Have you tried Da Bird? It's a great toy. My cats reaaaaally enjoy it


----------



## OSCARSMOM (Jul 6, 2012)

My Oscar could be your cat's sister LOL! His idea of exercise is laying on his side next to the turbo track while I whip the ball around and he slowly swipes at it with one paw! He will get moving a little bit more if I pull his wand toy under a piece of paper; he might even pounce!

So, we "go hunting". When it is time for him to eat I take his food bowl and he follows me. We do several laps around the dining room table and then out to the front windows and "jog" back into the kitchen where I put his bowl down for him to eat. He is highly food motivated so I found that this works.

I used to have him chase kibble but decided it was too dangerous for him to eat things that fell on the floor. I was taking care of my elderly mother at the time and she sometimes dropped pills on the floor. If you don't have that type of issue, it is a great way to get them to move.


----------



## kit-e-kat (Aug 4, 2012)

Have you tried the balls that you fill with kibble? My aunts cat loved food so she bought that, I think you would have to fill it out of the kibble he gets part of his meals as it will be the same if he uses it, he would probably burn off one by the time he got the next!
M aunts cat was slow to get the hang of it but after us pushing it about for her a few times she got the idea on how to do it, keep a eye on I'm though her other cat cracked a way to get the food without moving by keeping it next to a wall...

Crafty ninja kitty...


----------



## cinderflower (Apr 22, 2012)

kit-e-kat said:


> Have you tried the balls that you fill with kibble? My aunts cat loved food so she bought that, I think you would have to fill it out of the kibble he gets part of his meals as it will be the same if he uses it, he would probably burn off one by the time he got the next!
> M aunts cat was slow to get the hang of it but after us pushing it about for her a few times she got the idea on how to do it, keep a eye on I'm though her other cat cracked a way to get the food without moving by keeping it next to a wall...
> 
> Crafty ninja kitty...


i bought two of the balls and one toy with a rattle inside it kind of like a top that you put food in. every single one of my cats figured out how to make all the food fall out at once. only my youngest will play with the top thing and he just lays there and fishes the food out of the hole, he doesn't make it spin around at all lol.

cat dancer makes a toy called the cat charmer which is a long string on the end, also da bird like ying ying says is always a hit (they will jump and fly through the air for it) and also any toy that has object sensor like the roomba, i had a ball that did it, it would change direction when it hit the wall, that kind of thing seems to make them more curious because it's like a living thing. plus walk around with his food like oscar's mom says, that's a really good idea. :crazy


----------



## GingerZ (Jul 26, 2010)

> So, we "go hunting". When it is time for him to eat I take his food bowl and he follows me.
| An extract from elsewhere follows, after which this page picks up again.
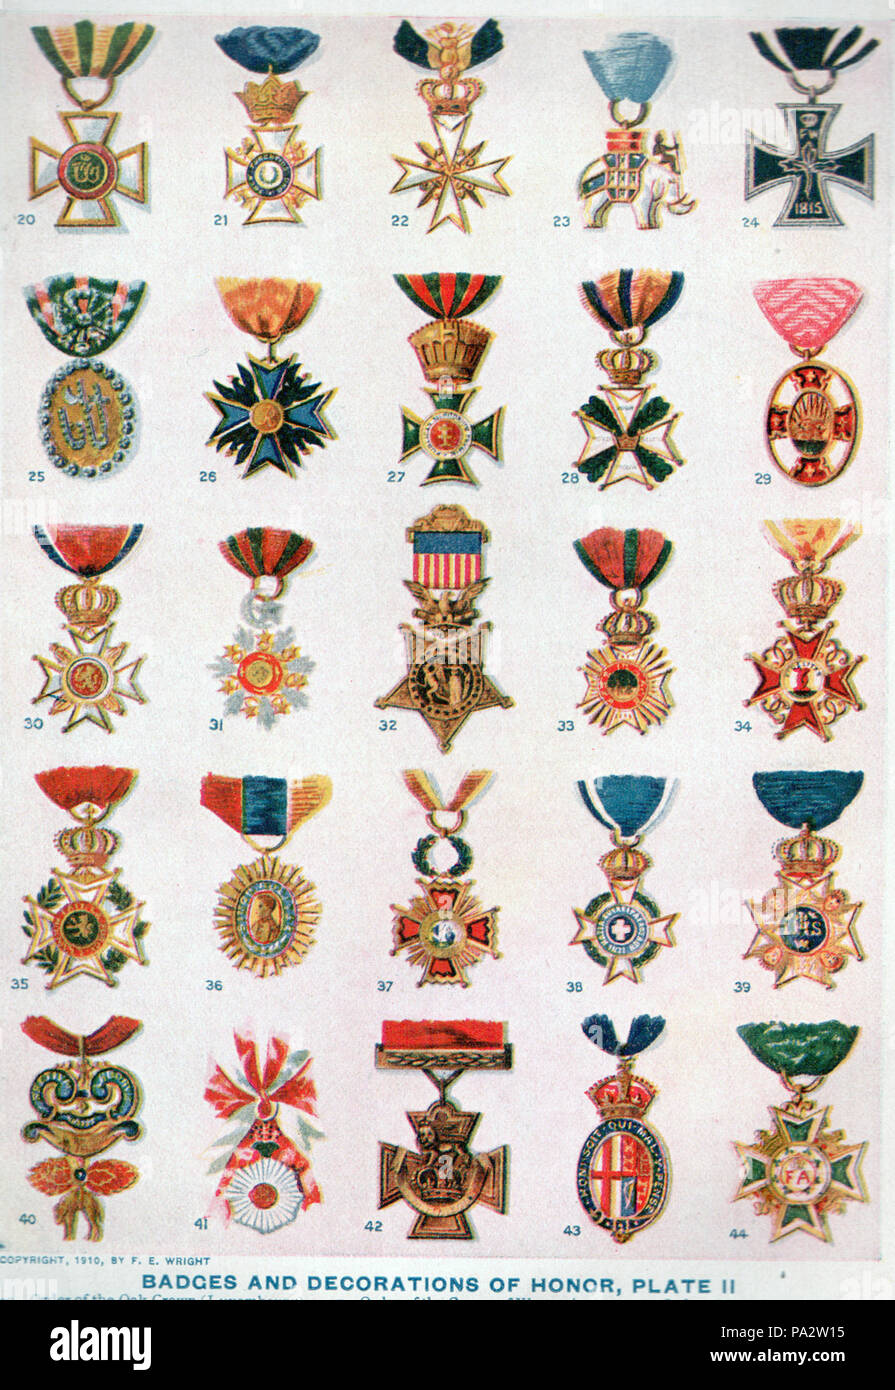 . 20  : Ordre de la couronne de chêne (Luxembourg) 21 : l'Ordre du mérite militaire (Württemberg) 22 : Ordre de Saint John (Chevaliers de Malte) 23 : Ordre de l'éléphant (Danemark) 24 : Ordre de la Croix de Fer (Prusse) 25 : le Badge Nichan (Tunis), de l'ordre du Nichan Iftikhar (Gloire) 26 : à l'ordre de l'Aigle Noir (Prusse) 27 : Ordre de Saint Stephen (Hongrie) 28 : William Militaire Ordre (Pays-Bas) 29 : Ordre du Lion et du Soleil (Perse) 30 : à l'ordre de Saint-olaf (Norvège) 31 : à l'ordre du Medjidie (Turquie) 32 : Médaille d'Honneur (United States) 33 : Ordre de Saint Hubert (Bavière) 34 : Ordre de la fidélité (B Banque D'Images

We do several laps around the dining room table and then out to the front windows and "jog" back into the kitchen where I put his bowl down for him to eat. He is highly food motivated so I found that this works.


This one made me laugh. We used to live in a bigger place with two floors. Ginger was fed upstairs from where we spent most of our time. Sometimes at dinner time I would walk toward the stairs multiple times to see how many times I could get her to run upstairs before she realized I wasn't going to follow her. I just thought I was being mean, but I guess she was getting exercise too. :wink: I think we will have to start "hunting" here too.
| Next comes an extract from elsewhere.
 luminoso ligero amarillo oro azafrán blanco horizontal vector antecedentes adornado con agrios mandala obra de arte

Thanks for the other ideas too! I will give them a try!


----------



## GingerZ (Jul 26, 2010)

We just played "toss the kibble." Worked really well, but she got tired after less than 10 pieces. So sad. Oh well, I guess that's why we need to do this more!


----------



## spirite (Jul 31, 2012)

Think of it like working out - she's got to build up stamina.  

I tap a piece on the floor then slide it back and forth a little before letting it skitter. When Margaux could still see, the minute she heard the sliding noise, her pupils would get huge and she'd assume pounce position. Being lazy though, she'd try to cut it off before it got very far by sticking a paw out. Well, then the kibble would carom off her paw and around the room like a pinball. Now *that* was fun to watch - much insane running to retrieve a tiny piece of kibble. I never told her that I didn't think the effort was worth the reward.
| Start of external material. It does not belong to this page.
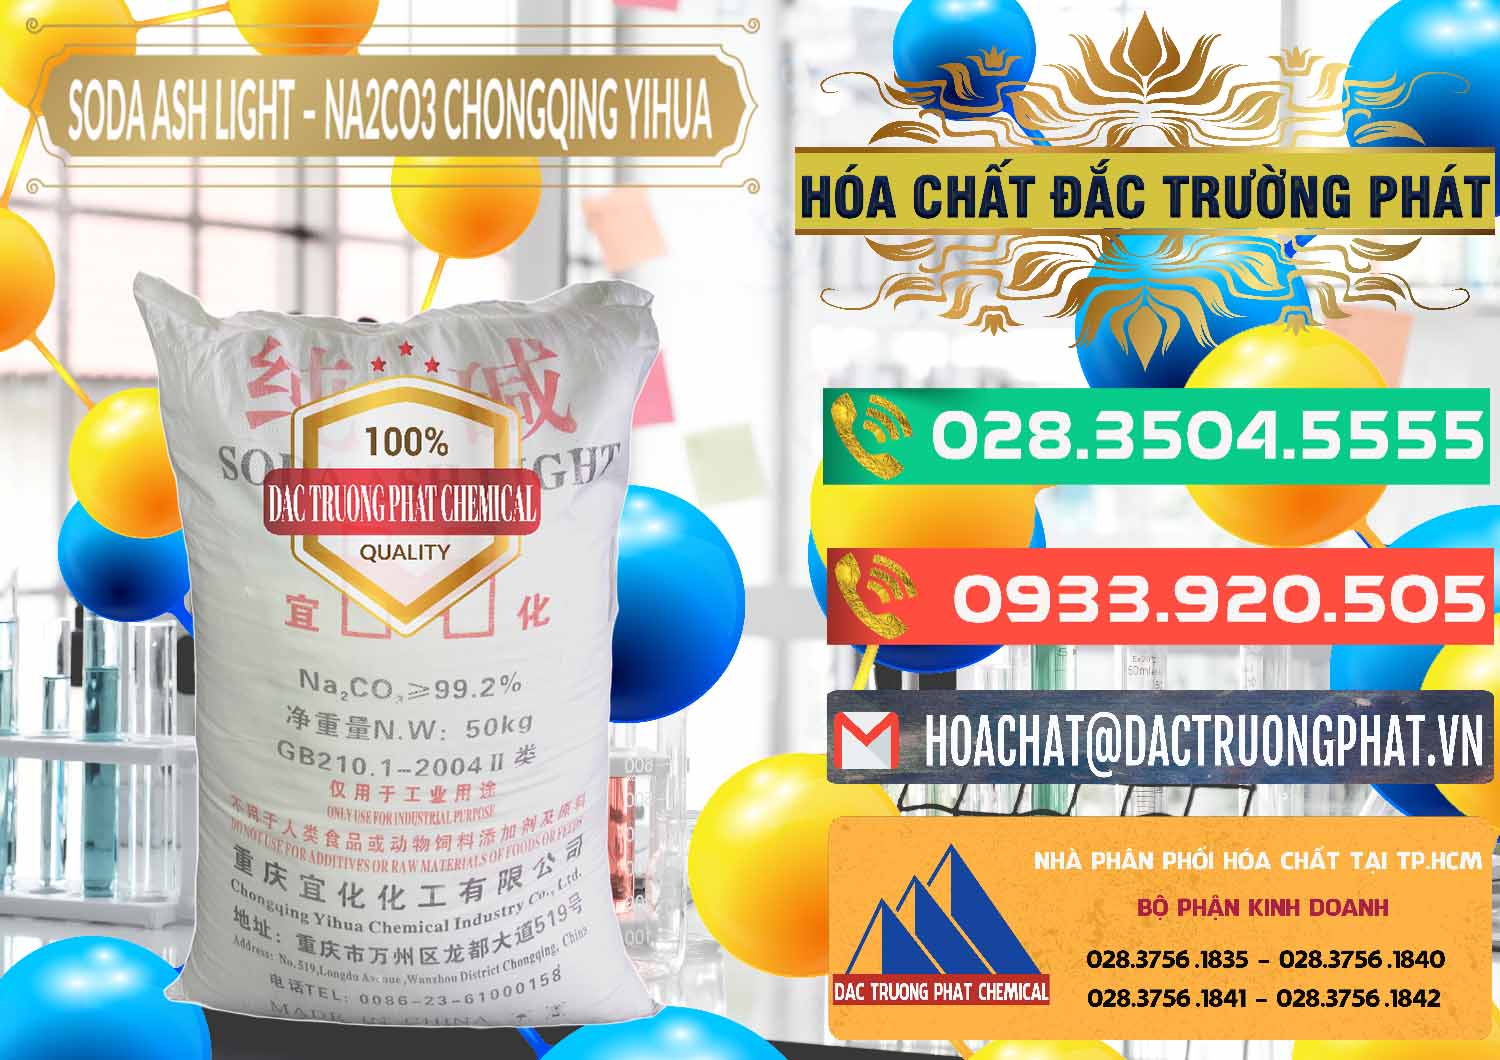 Cty kinh doanh _ bán Soda Ash Light - NA2CO3 Chongqing Yihua Trung Quốc China - 0129 - Công ty chuyên kinh doanh và cung cấp hóa chất tại TP.HCM - congtyhoachat.com.vn

Now that she's blind, she has to move slowly and carefully, and sometimes she can't find the kibble when it's literally under her nose.  But she still enjoys the chase.


----------



## Victoriax (Feb 25, 2012)

I would recommend Da Bird & Neko flies teaser wand toy's 

they are both fantastic interactive toy's with changeable attachments all 4 of my cat's LOVE them.


----------



## dlowan (Jul 13, 2012)

My cats are active, but I'd second Da Bird....it really turns on the hunting instincts and gets my cats running and leaping around in a way that nothing else has. They come and beg for play sessions and try to get it out from the cupboard I keep it in.


----------



## lovetimesfour (Dec 1, 2010)

What are you feeding her? Diet plays a very large part in a cat's activity level. If she is eating a kibble full of corn and other grains, very carb heavy, she is not getting adequate nutrition, so she has no energy to play.

Cats love routine. Have set times for interactive play sessions. One in the morning before you leave for the day. One when you get home, before supper (hers and yours) one before bed. Once this routine is established she will begin to look forward to it, and since it is part of her routine, she will be more likely to play.

Give her a cardboard Box Fort and a Paper Bag Fort.

Try Catch The Bump Under The Rug (or newspaper) Games. Slowly pull a string-on-a-stick toy under the newspaper for her to stalk and pounce on. Or if she prefers, put the stick part under the rug and wiggle it enticingly. This game does not cause her to expend a lot of energy, but it does stimulate her mentally, which is half the battle, and it is _some_ exercise, and some is better than none.

Put a bird feeder outside a window. This will engage her mentally also and keep her awake and stimulated.

When you play Games, drag the toy slowly. Don't wiggle it in front of her face. Many cats hate that. Cats are hunters, they want to stalk and pounce.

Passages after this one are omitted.